> [Prompt]:
Only the lines in the entries below from the line with "Yaquina Bay Bridge" to the line with "Alix Leather Saddle", both included, belong in the answer, transcribed exactly and without pictures.

> [Provided entries]:
....
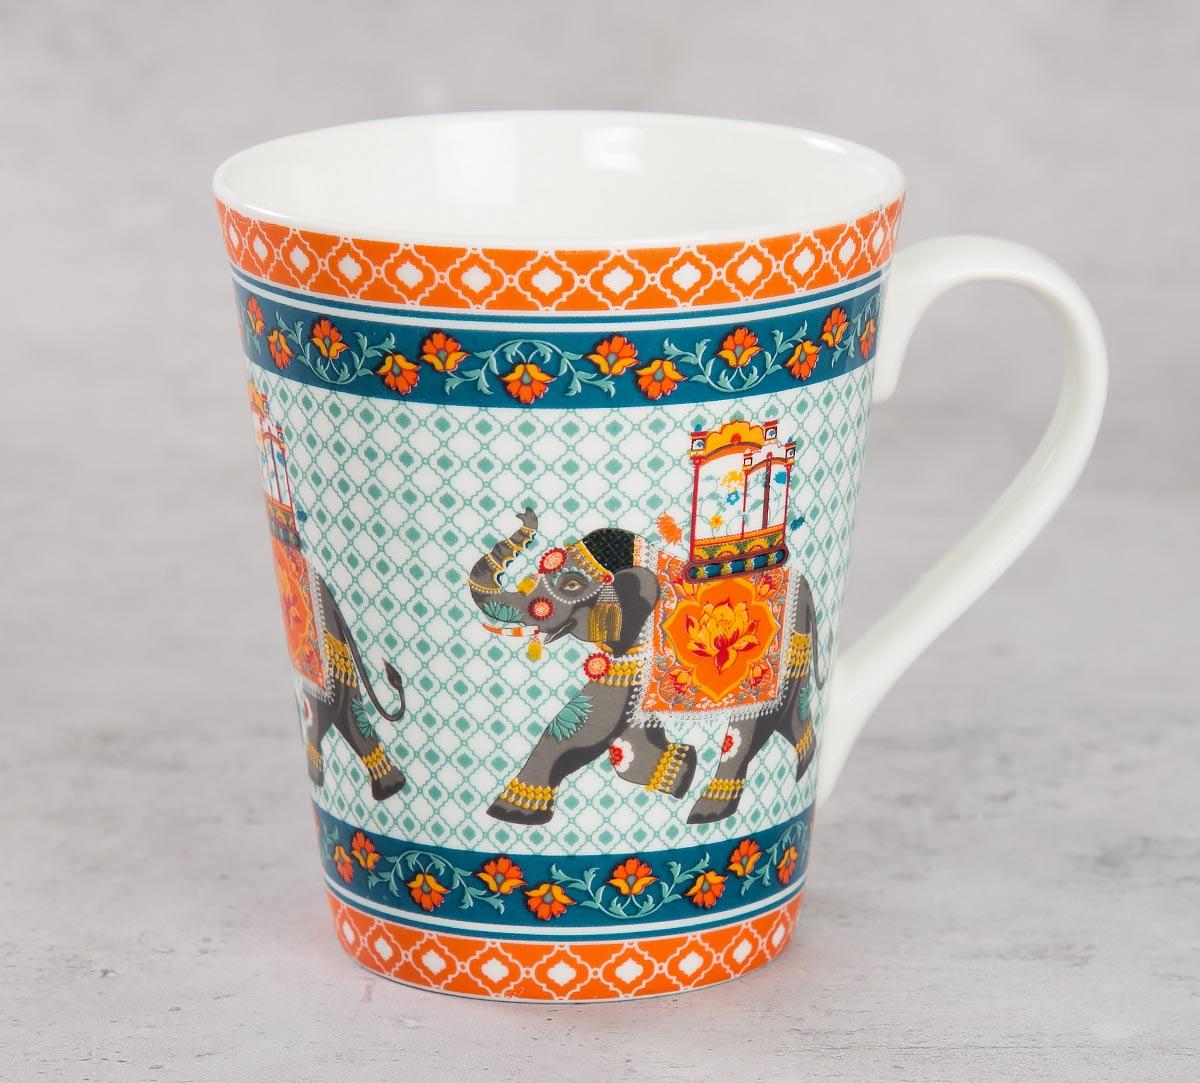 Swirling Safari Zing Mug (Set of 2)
....
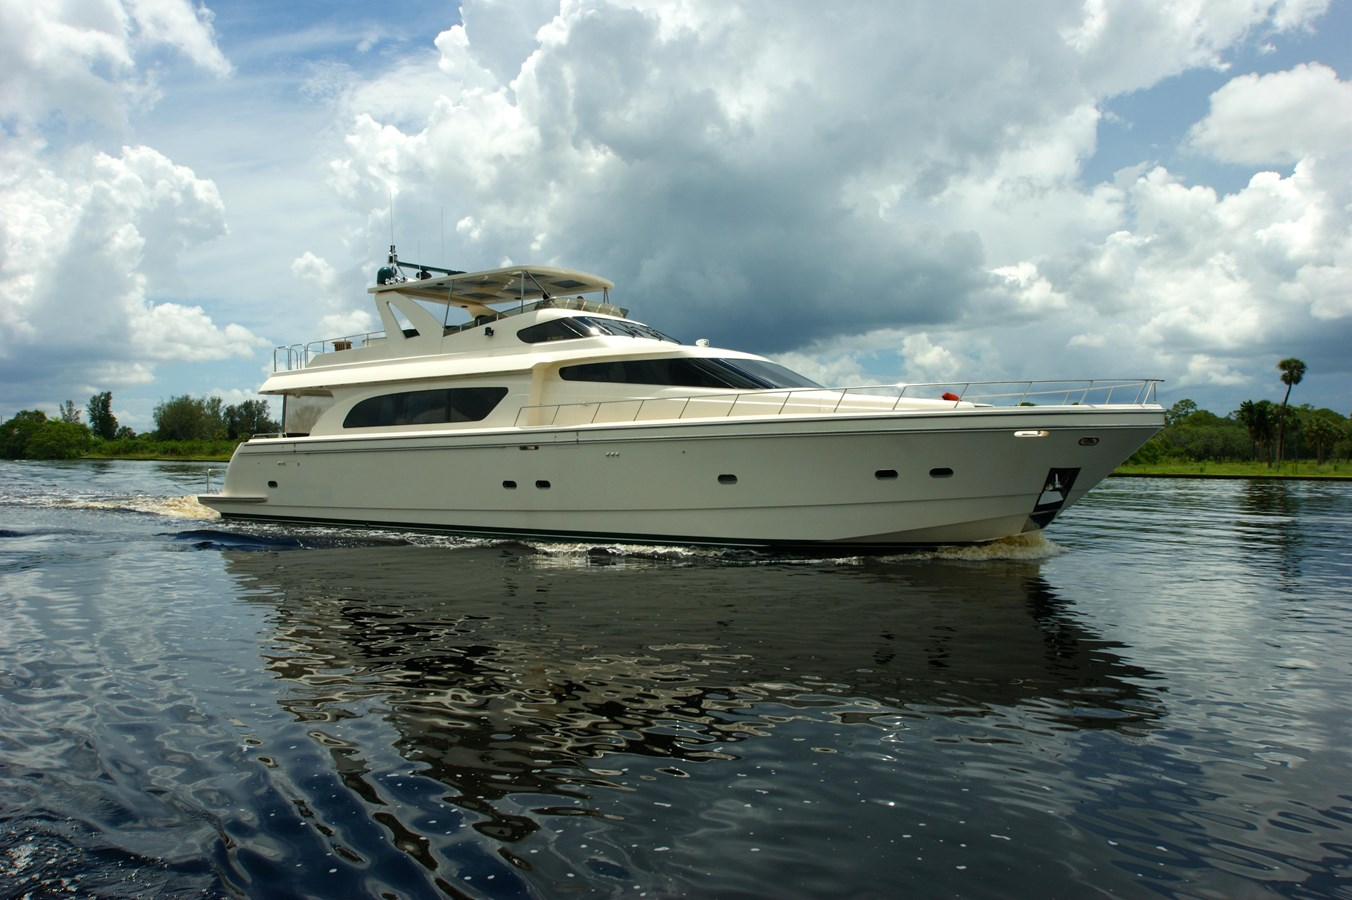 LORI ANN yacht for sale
....
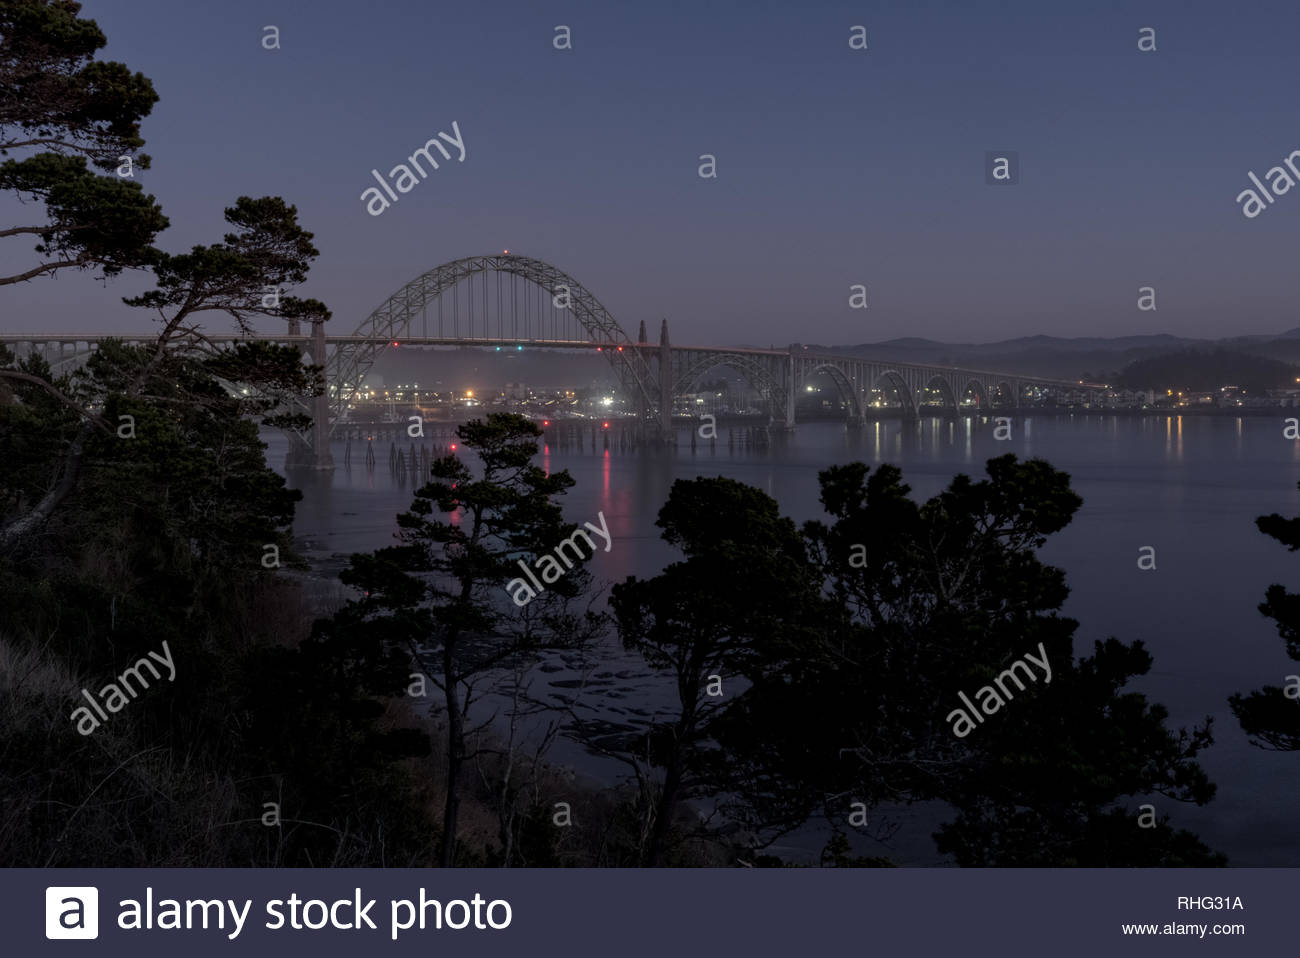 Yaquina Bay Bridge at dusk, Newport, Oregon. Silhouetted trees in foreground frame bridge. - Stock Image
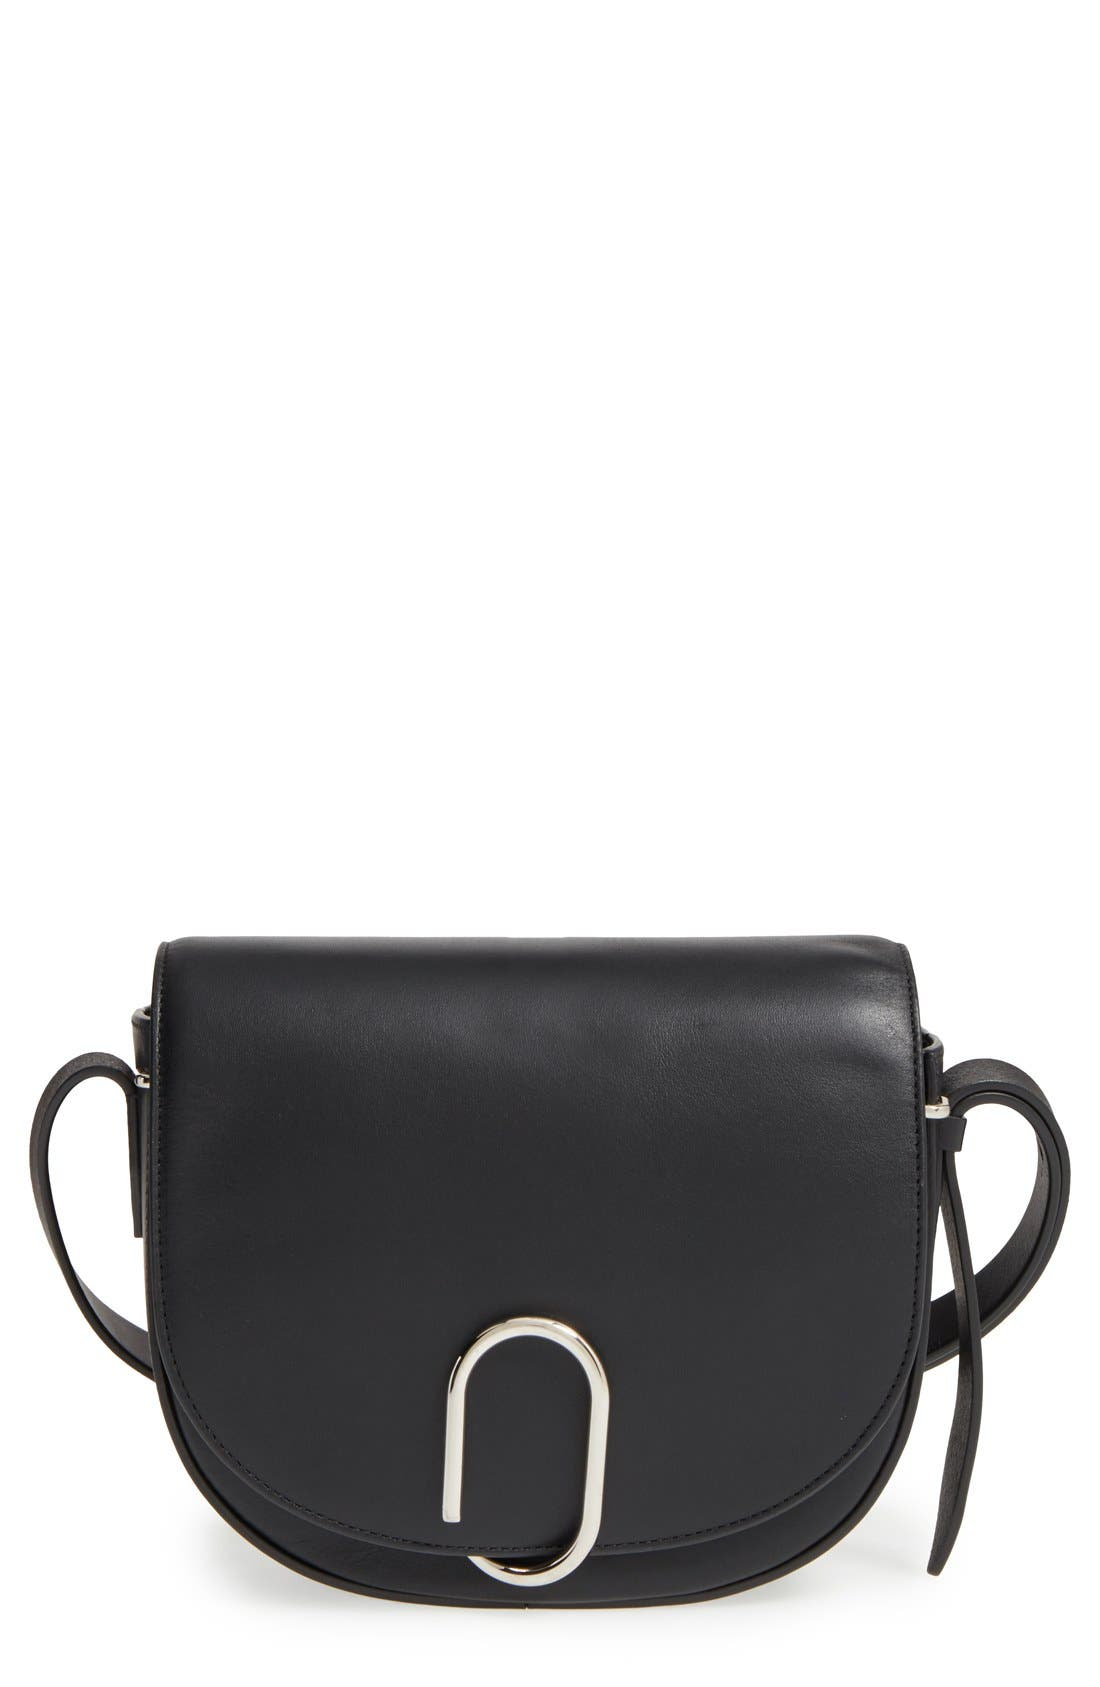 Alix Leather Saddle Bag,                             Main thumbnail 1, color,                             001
....
> [Response area]:
 Yaquina Bay Bridge at dusk, Newport, Oregon. Silhouetted trees in foreground frame bridge. - Stock Image
 Alix Leather Saddle Bag,                             Main thumbnail 1, color,                             001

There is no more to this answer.